● **EXERCISE DESCRIPTION**
Only one stretch of the data below is wanted: the lines starting at the one with "Higonokami Double Bevel" and ending at the one with "Lego Friends Mias Bedroom 41327", both included, given again exactly.

═══ RECORDS SUPPLIED

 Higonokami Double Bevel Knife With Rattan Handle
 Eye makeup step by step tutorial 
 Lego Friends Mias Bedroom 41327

══════
═══ RECORDS SUPPLIED

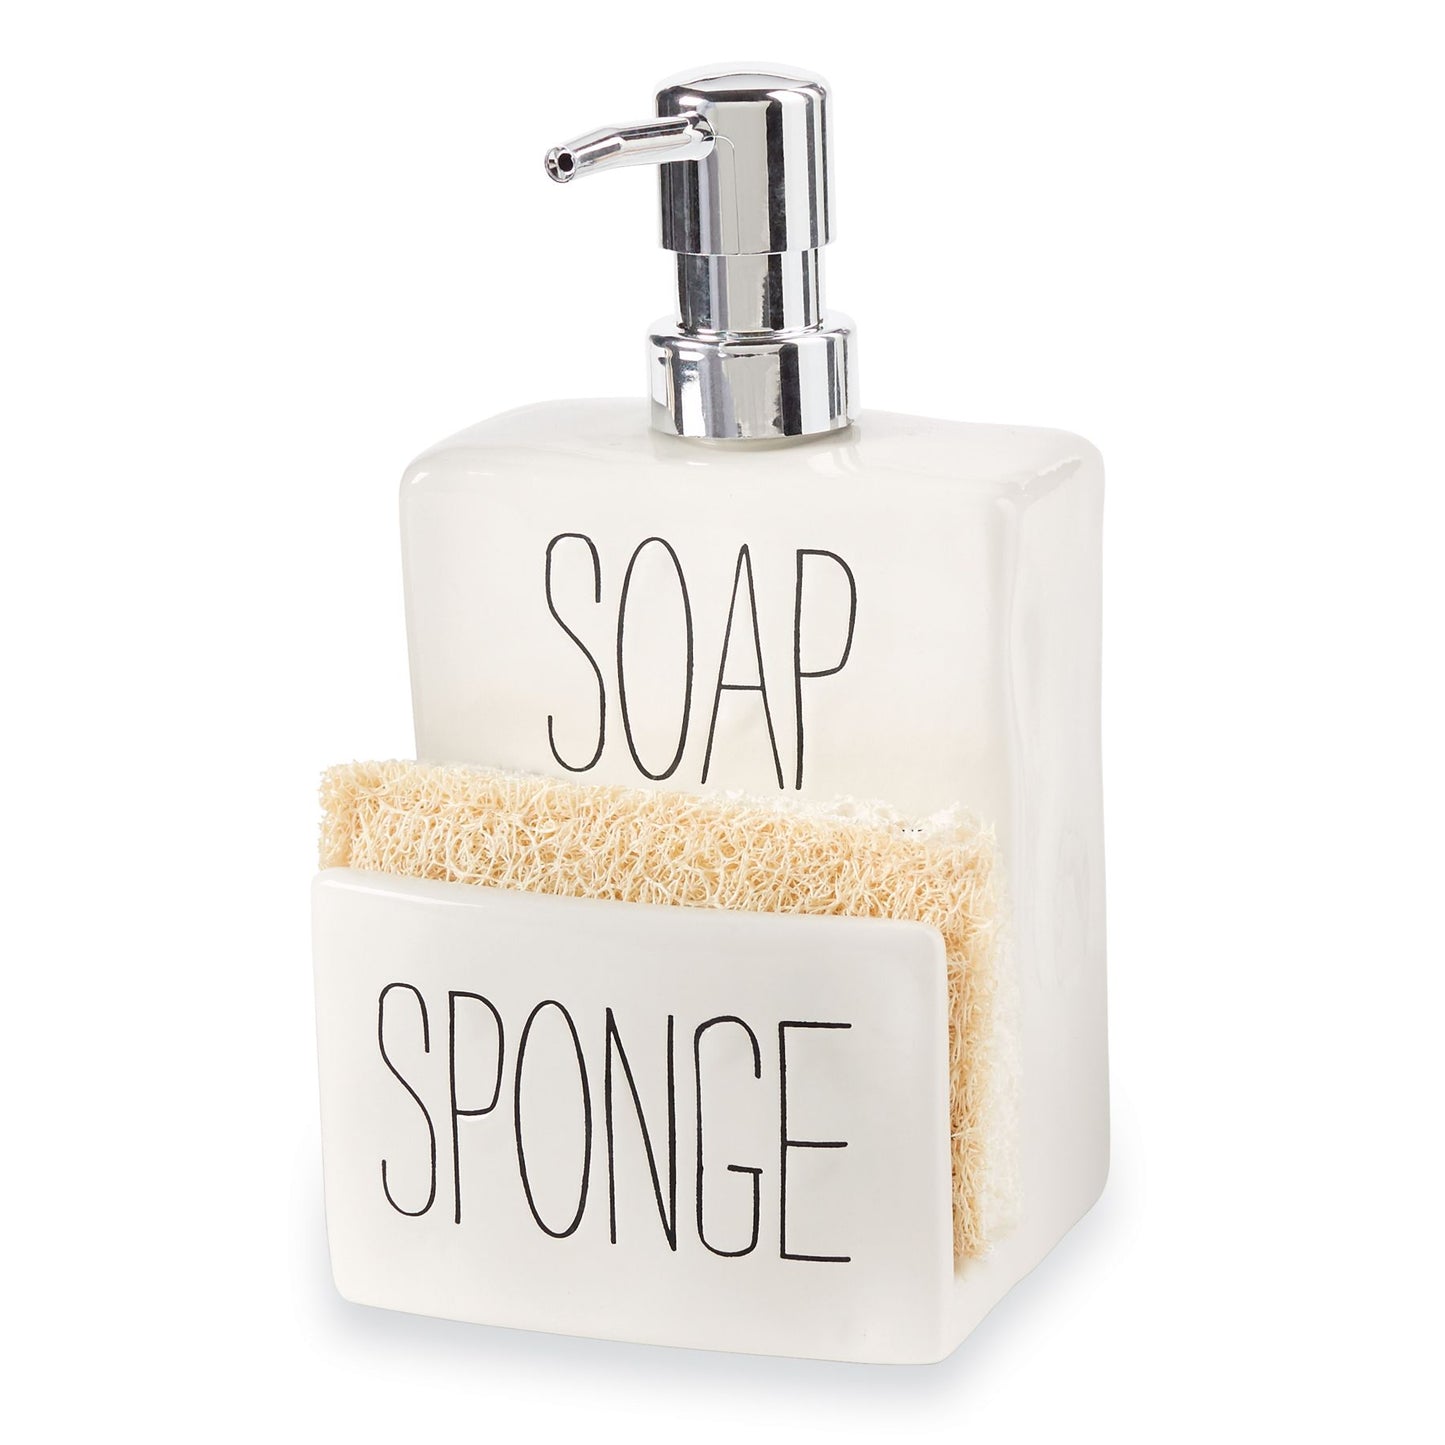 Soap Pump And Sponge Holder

══════

● **OUTPUT OF THE EXERCISE**
 Higonokami Double Bevel Knife With Rattan Handle
 Eye makeup step by step tutorial 
 Lego Friends Mias Bedroom 41327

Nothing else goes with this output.